From the November 2014 issue of Landscape Architecture Magazine.
It’s 2080, a world deep in the throes of a changing climate where a landscape’s fertility is analyzed by mammoth structures that roam the Great Plains. It may seem like a scene from a sci-fi novel, but it is actually the basis for Reid Fellenbaum’s “Meridian of Fertility,” winner of the 2014 ASLA Student Award of Excellence in Analysis and Planning, which examines historical practices, climate models, projected precipitation, temperature, and current soil quality of the Great Plains region and suggests that the “Meridian of Fertility,” a geographical dividing line between prairie lands to the west and areas suitable for agricultural practices to the east, is steadily moving eastward. The project proposes a series of shelterbelts to slow this migration, as well as a return to dry-farming practices (a no-irrigation method that relies on the conservation of soil moisture) informed by structures called climate stations that use “hyperlocal climate predictions” to determine the best site for farmers to plant their crops. We talked with Fellenbaum about his project, and how he sees it as a focus on resiliency in a changing world.
What attracted you to the focus of the “Meridian of Fertility?”
I guess I’ve always had a deep appreciation for agriculture. My ancestors settled in the so-called breadbasket of the colonies, in Lancaster County, Pennsylvania, so this is where I was born and raised, on a small farmette. I grew up listening to my grandfather’s stories about land, about weather, about instruments and the machines used for cultivation. And then I was educated in landscape architecture and geography at Penn State, which provided me a new lens to study these interesting stories. At the University of Michigan, I was in the Atlas of the Heartland research group with my wonderful thesis adviser, Rania Ghosn, of Design Earth. The group was investigating the geography of the U.S. heartland in order to construct a spatial knowledge of the histories, the mythologies, the constituents, and the ecosystems of the region, and my research was really focusing on the western fringe of this in the Great Plains. So when I could tie it into agriculture, of course I ended up doing that. It’s funny how you start out with one idea and it can really spiral off once you start digging into research. That was the beginning bud, I think.
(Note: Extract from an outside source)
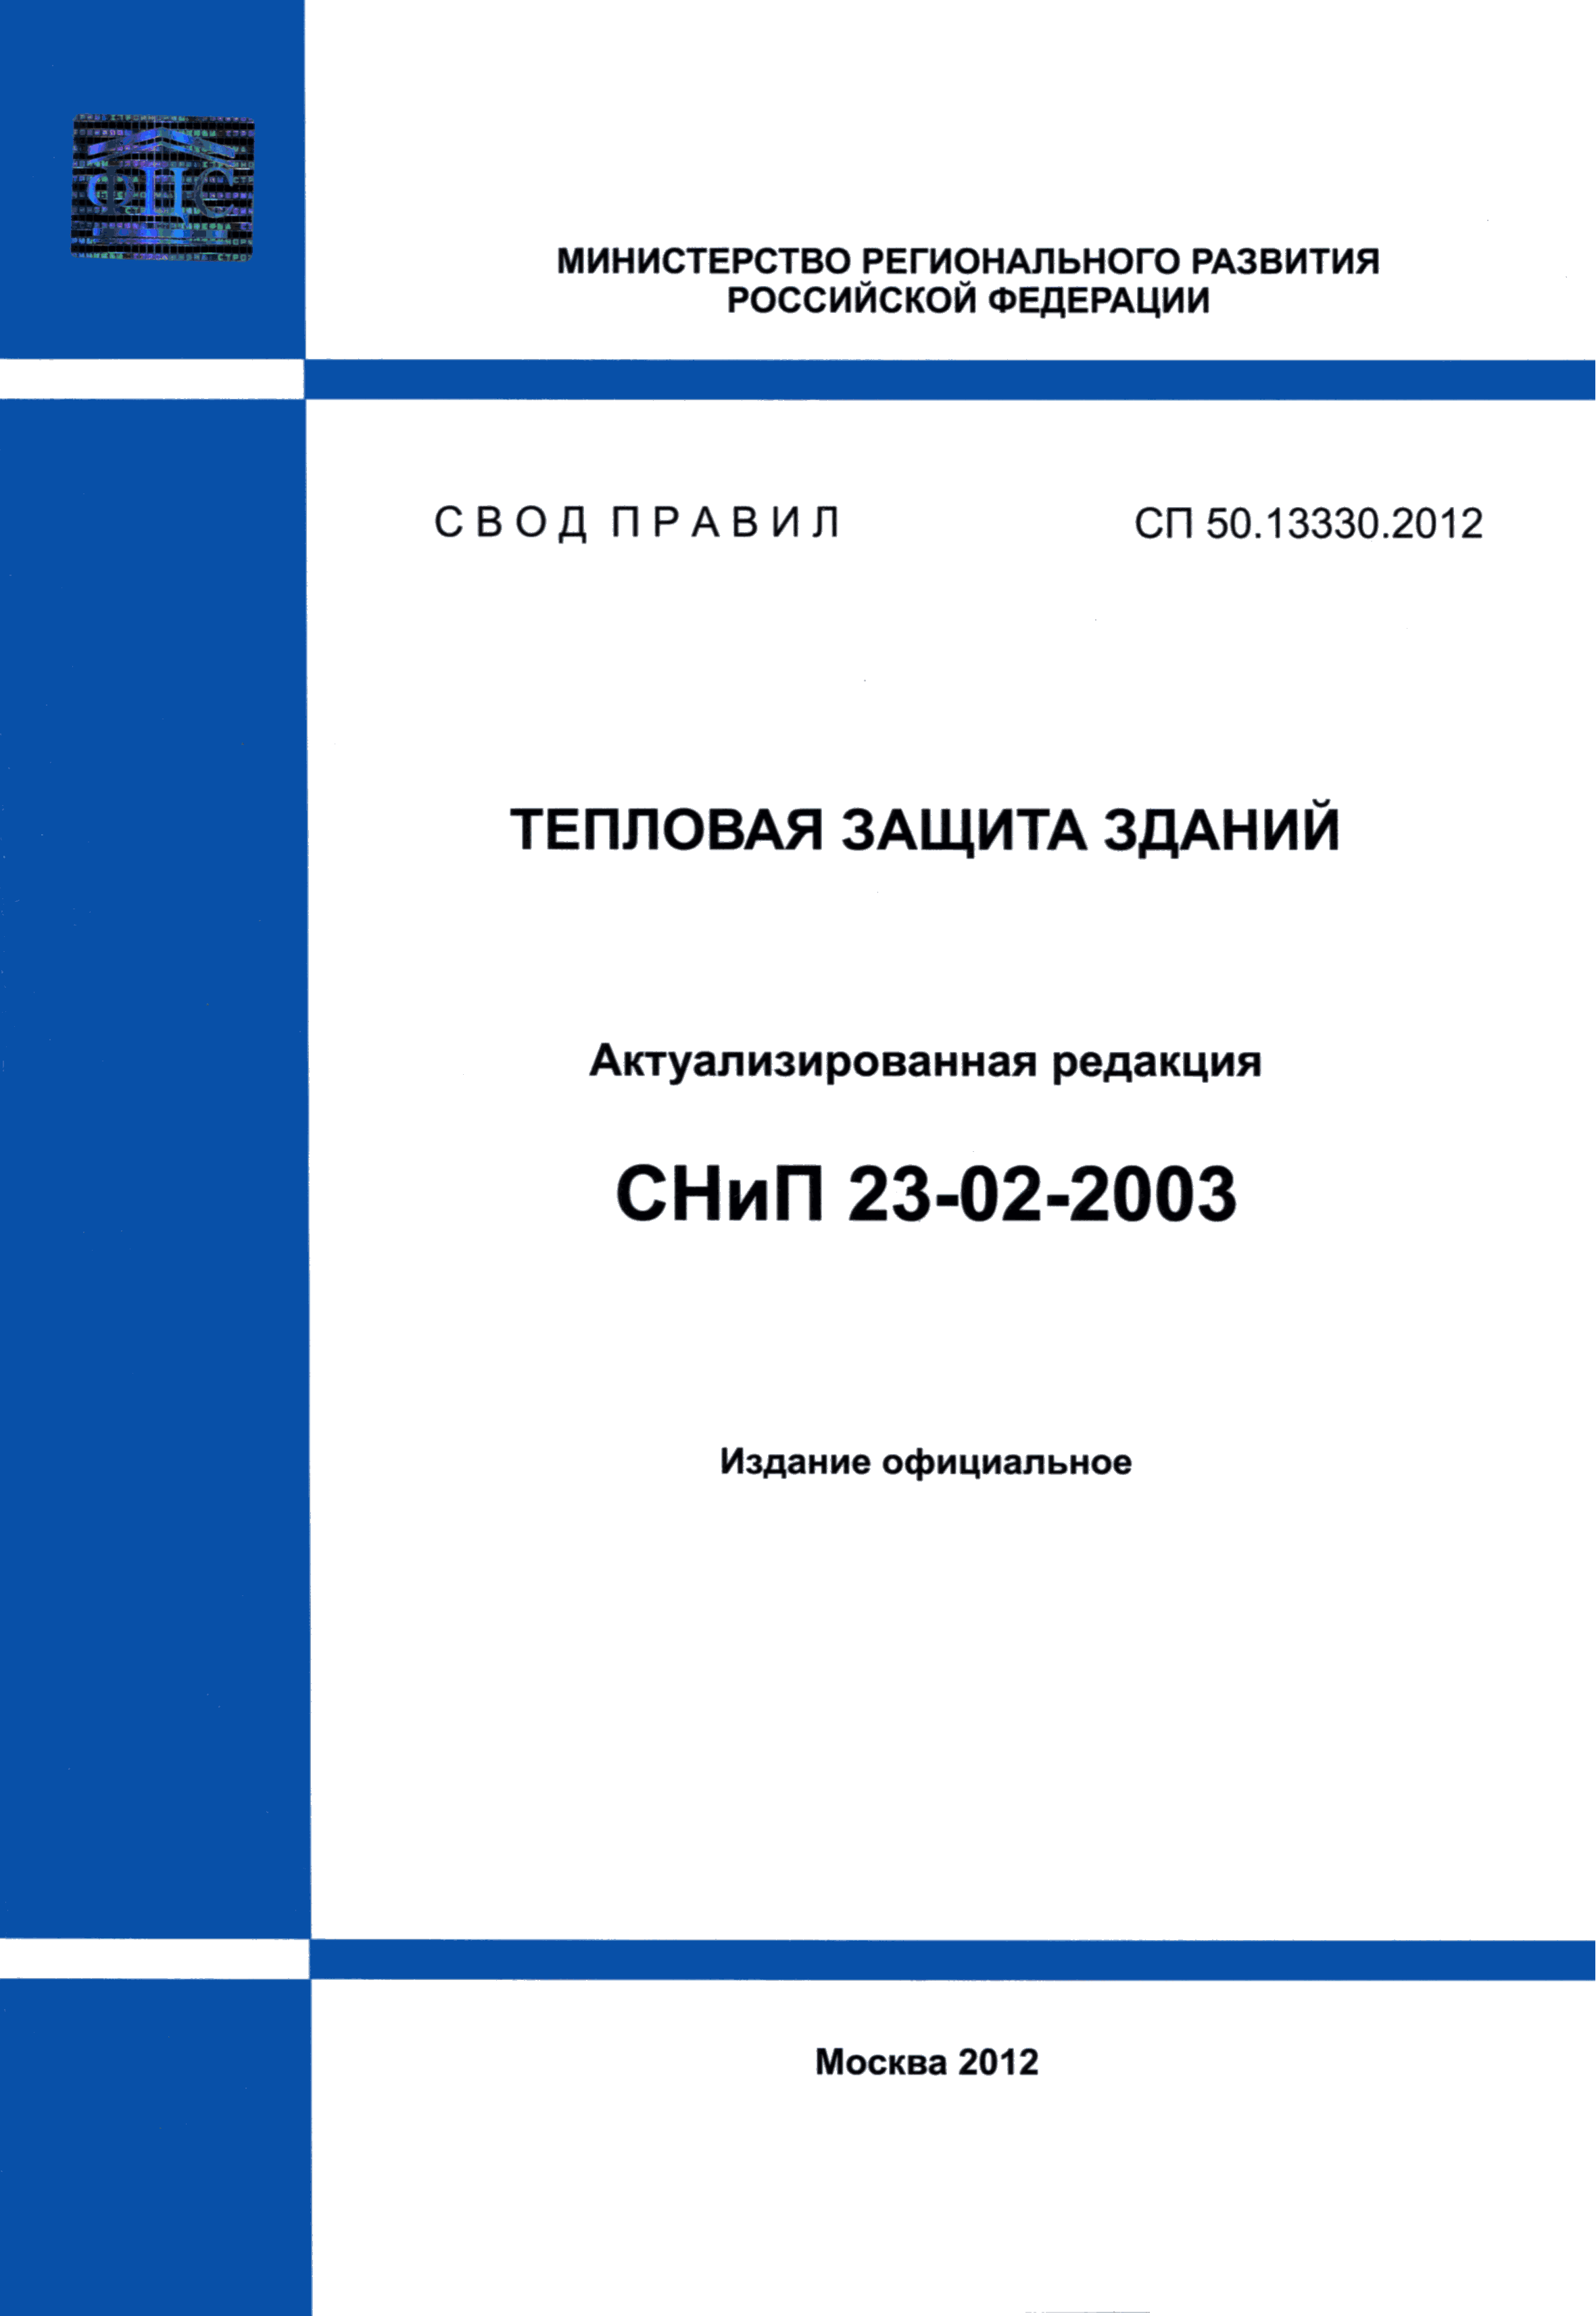 СП 50.13330.2012

How did this project develop?
It started with an interest in the shelterbelt project, this grand establishment of about 19,000 miles of trees in rows across the Great Plains. This was something that I had studied a little in China. There’s a big effort to plant trees to hold back the deserts there, and I found out during that research, which preceded this project, that they actually learned it from the United States, and that this was something that [President Franklin] Roosevelt had started. So the project was born out of this interest in the shelterbelt, which spiraled into water ecologies, and eventual study of the 100th meridian and “Meridian of Fertility.”
How did you come up with the idea and design for the climate stations?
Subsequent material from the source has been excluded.